Here, set down only the lines between the line that contains "Free Printable July" and the final line of the material, both included, exactly as written. Skip the pictures.

SUPPLIED DATA:
§ §

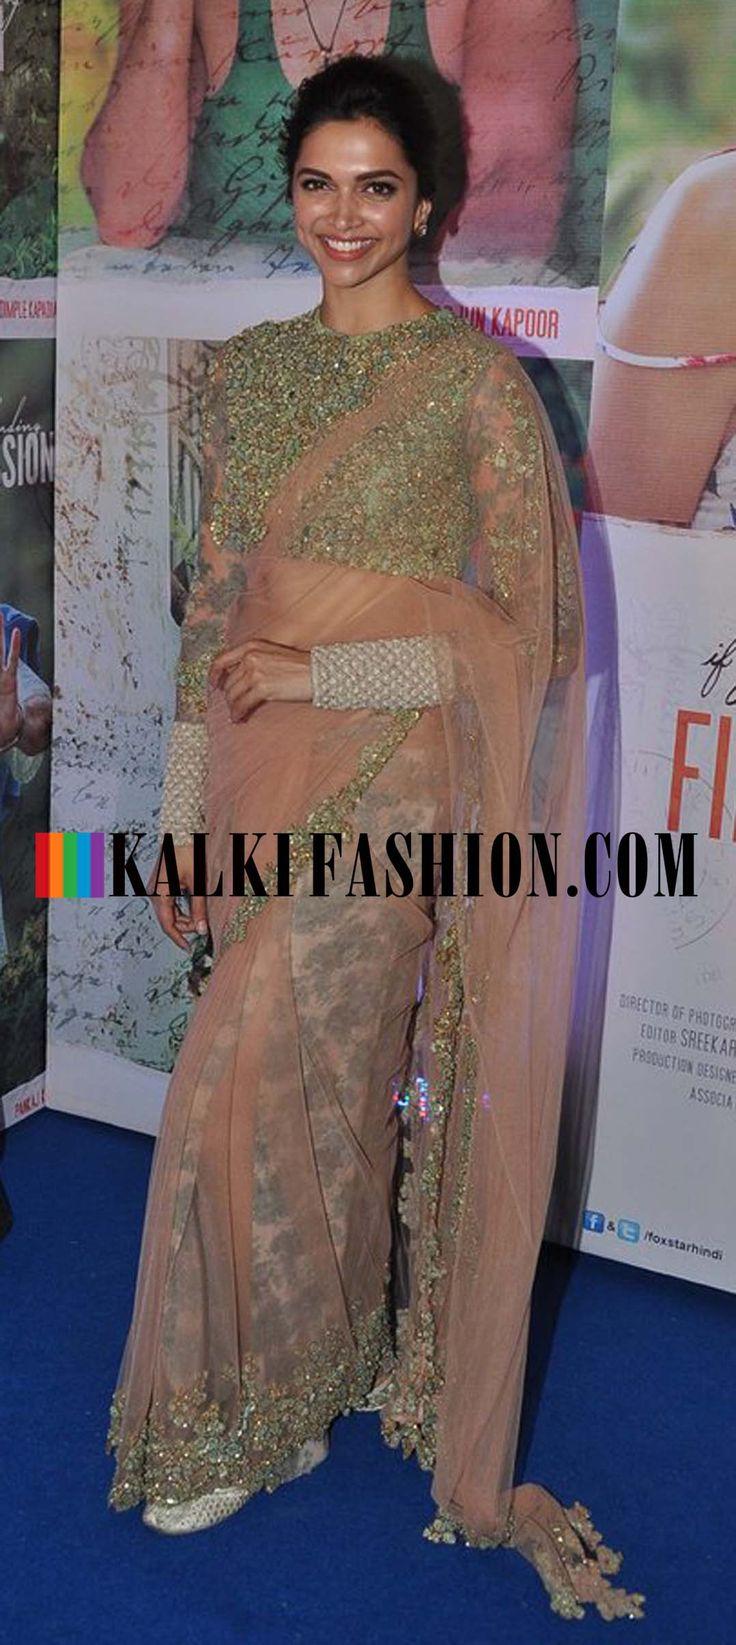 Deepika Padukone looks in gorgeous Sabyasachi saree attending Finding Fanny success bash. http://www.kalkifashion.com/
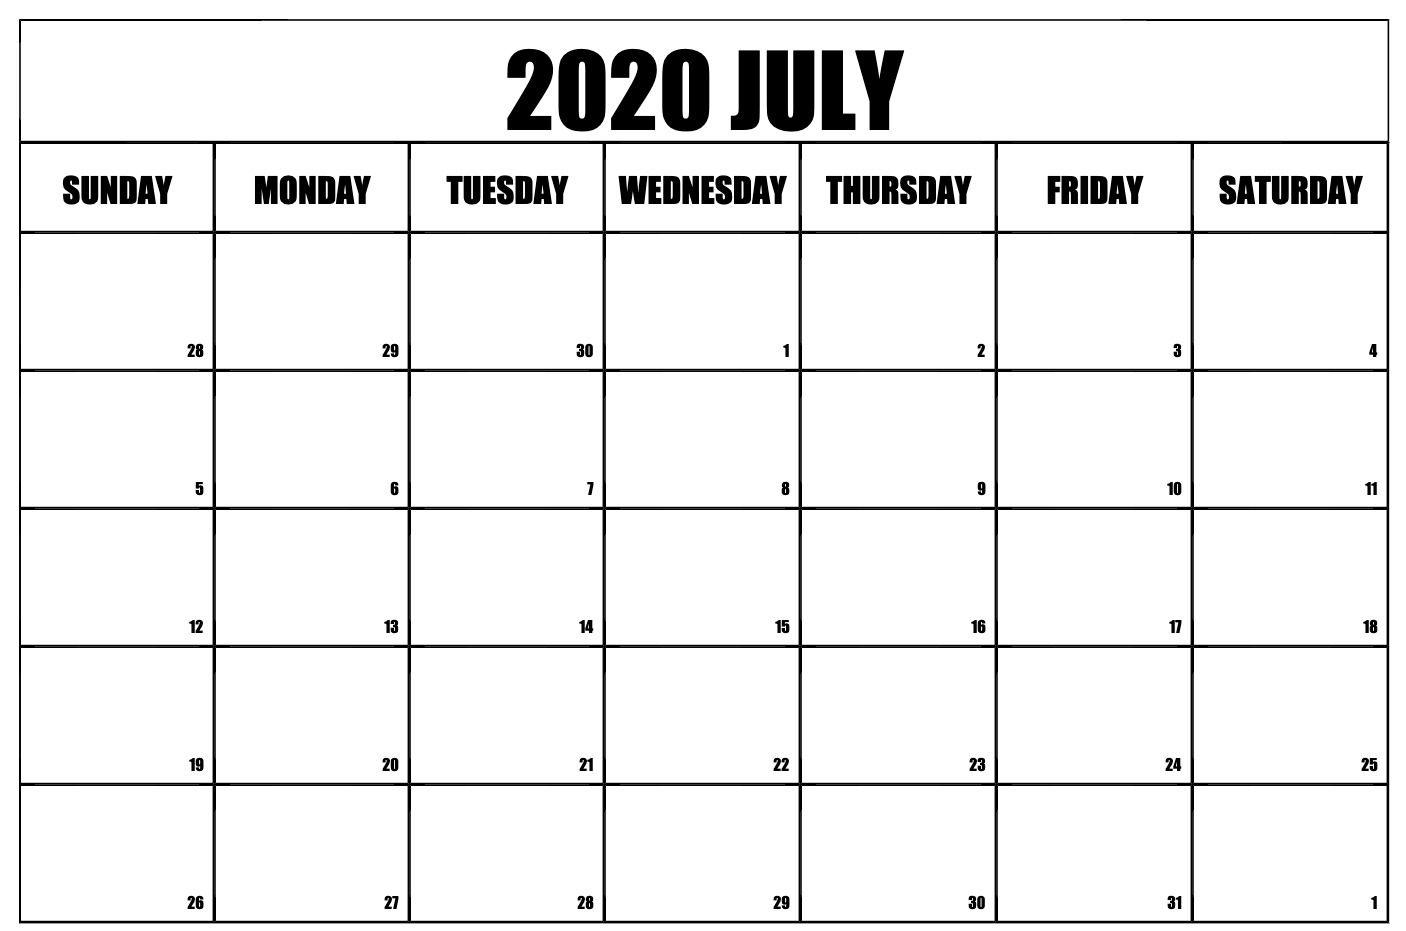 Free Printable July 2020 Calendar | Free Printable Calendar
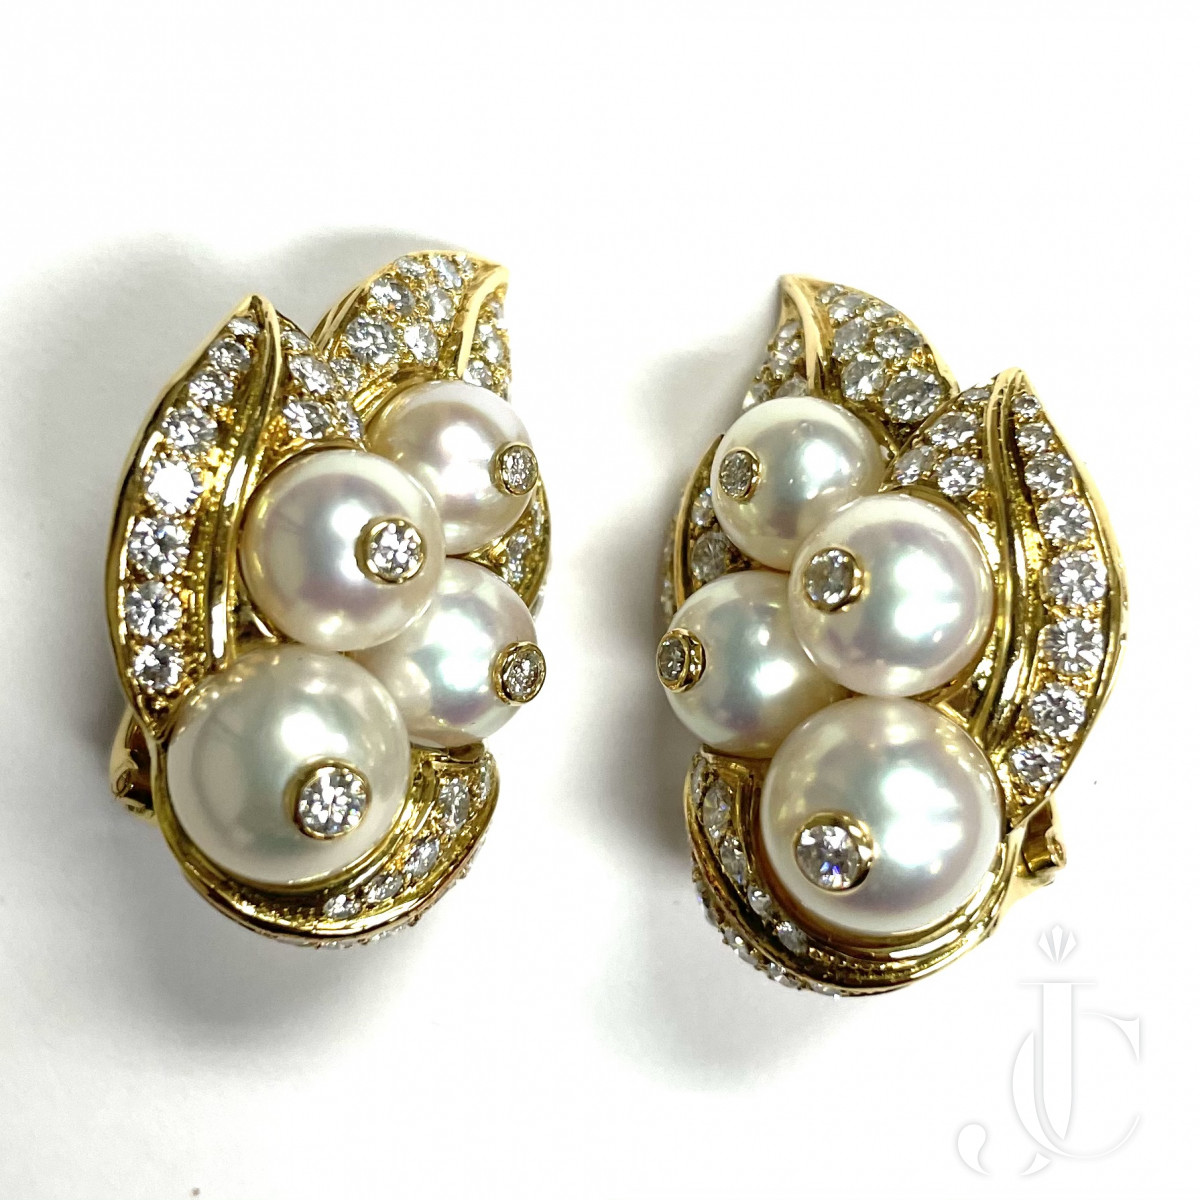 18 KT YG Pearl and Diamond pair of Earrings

§ §

ANSWER SPACE:
 Free Printable July 2020 Calendar | Free Printable Calendar
 18 KT YG Pearl and Diamond pair of Earrings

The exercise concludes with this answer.